Eliran Wong asked for a more detailed description of the “normalisation” column in MorphGNT so I promised him I’d write a blog post about it.
I first outlined the objective of the column in a 2005 blog post but enough time has passed and new work done that I thought it was worthy of a new post.
The core idea of the normalised column is to give the inflected form as it would be stated in isolation.
To use the example from the 2005 post, consider the phrase in Matthew 1.20:
τὴν γυναῖκά σου
If you were to ask someone what the accusative singular feminine definite article is, you’d expect the answer τήν and not τὴν. Similarly if you asked what the accusative singular of γυνή is, you’d expect the answer γυναῖκα and not γυναῖκά. The differences in Matthew 1.20 are contextual and, for many applications (particularly morphology) aren’t of much interest.
And so years ago, I went about adding a new column that normalised this sort of thing. Similarly μετά, μεθ’, μετ’, and μετὰ all get normalised to μετά in this separate column.
Back in the 2005 post, I enumerated the normalisations as:
- existing text may exhibit elision (e.g. μετ’ versus μετά)
- existing text may exhibit movable ς or ν
- final-acute may become grave
- enclitics may lose an accent
- word preceding an enclitic may gain an extra accent
- the οὐ / οὐκ / οὐχ alternation
When I published the SBLGNT analysis, another normalisation was added, namely the normalisation of capitalisation at the start of paragraphs or direct speech. The capitalisation is not an inherent part of the inflected form in isolation, only the particular context of the token, and so it is normalised.
In Analysing the Verbs in Nestle 1904 I covered some differences between the SBLGNT and Nestle 1904 analyses that normalisation would have smoothed over. Note that normalisation COULD go further (for example, spelling differences) but I chose not to do that in the normalisation column.
In brief, the things NOT normalised include:
- crasis (e.g. κἀγώ vs καὶ ἐγώ)
In Annotating the Normalization Column in MorphGNT: Part 1 I started talking about annotating WHY each token was normalised the way it was and you can see some counts there for how many tokens underwent normalisation of accent or capitalisation, and how many had elision or a movable nu or sigma.
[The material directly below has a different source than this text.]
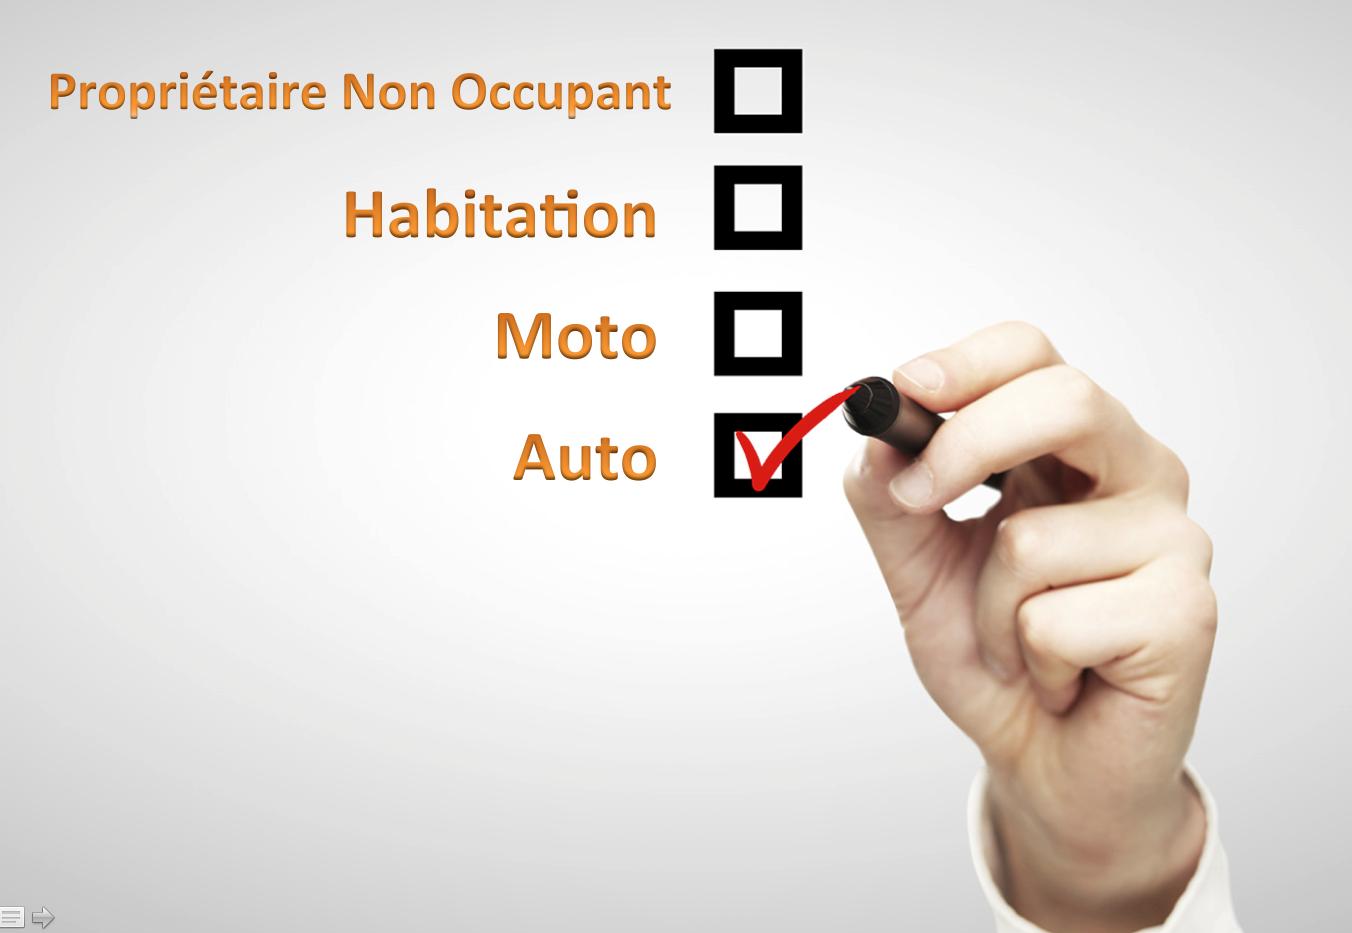 Assurances séniors AXA Auto habitation moto PNO

In many cases, the normalisation can be automated without any need for human intervention (by having a list of elidable words, enclitics, etc). I’ll soon publish my latest Python code for doing this. In some cases, manual checking is needed (although lemmatisation generally resolves a lot of the ambiguities). In Direct Speech Capitalization and the First Preceding Head I talked about the start of some work to go through all capitalisation and identify the reason for it. Similarly New MorphGNT Releases and Accentuation Analysis discusses work on annotating the reason for all accentuation changes.
There is still lots more work to do this for the SBLGNT but I did apply the idea when working on Seumas Macdonald’s Digital Nyssa project. For that, I produced a file the first five lines of which are:
Ἦλθε ἦλθε capitalisation καὶ καί grave ἐφ’ ἐπί elision ἡμᾶς ἡμᾶς ἡ ἡ proclitic
Here each token is normalised in the second column with the third column giving the reason for any difference between the token and the normalised form (and also indicating proclitics).
The possible annotations (and there can be more than one on a token) are:
I hope to eventually be able to provide the same for the entire SBLGNT (and other Greek texts).
Doing all this normalisation has a number of benefits. It makes it easier to extract forms for studying morphology, it allows searches to work more as expected (you don’t want to have to think up all the possible ways a form could actually be written in a text to search for it), it also allows much easier searching for particular phenomena (for example particular clitic accentuation).
It also allows for more rigorous validation of things like accentuation. Work in this area has already uncovered a number of accentuation errors in the SBLGNT text, for example, and could help with automated checking of OCR, etc.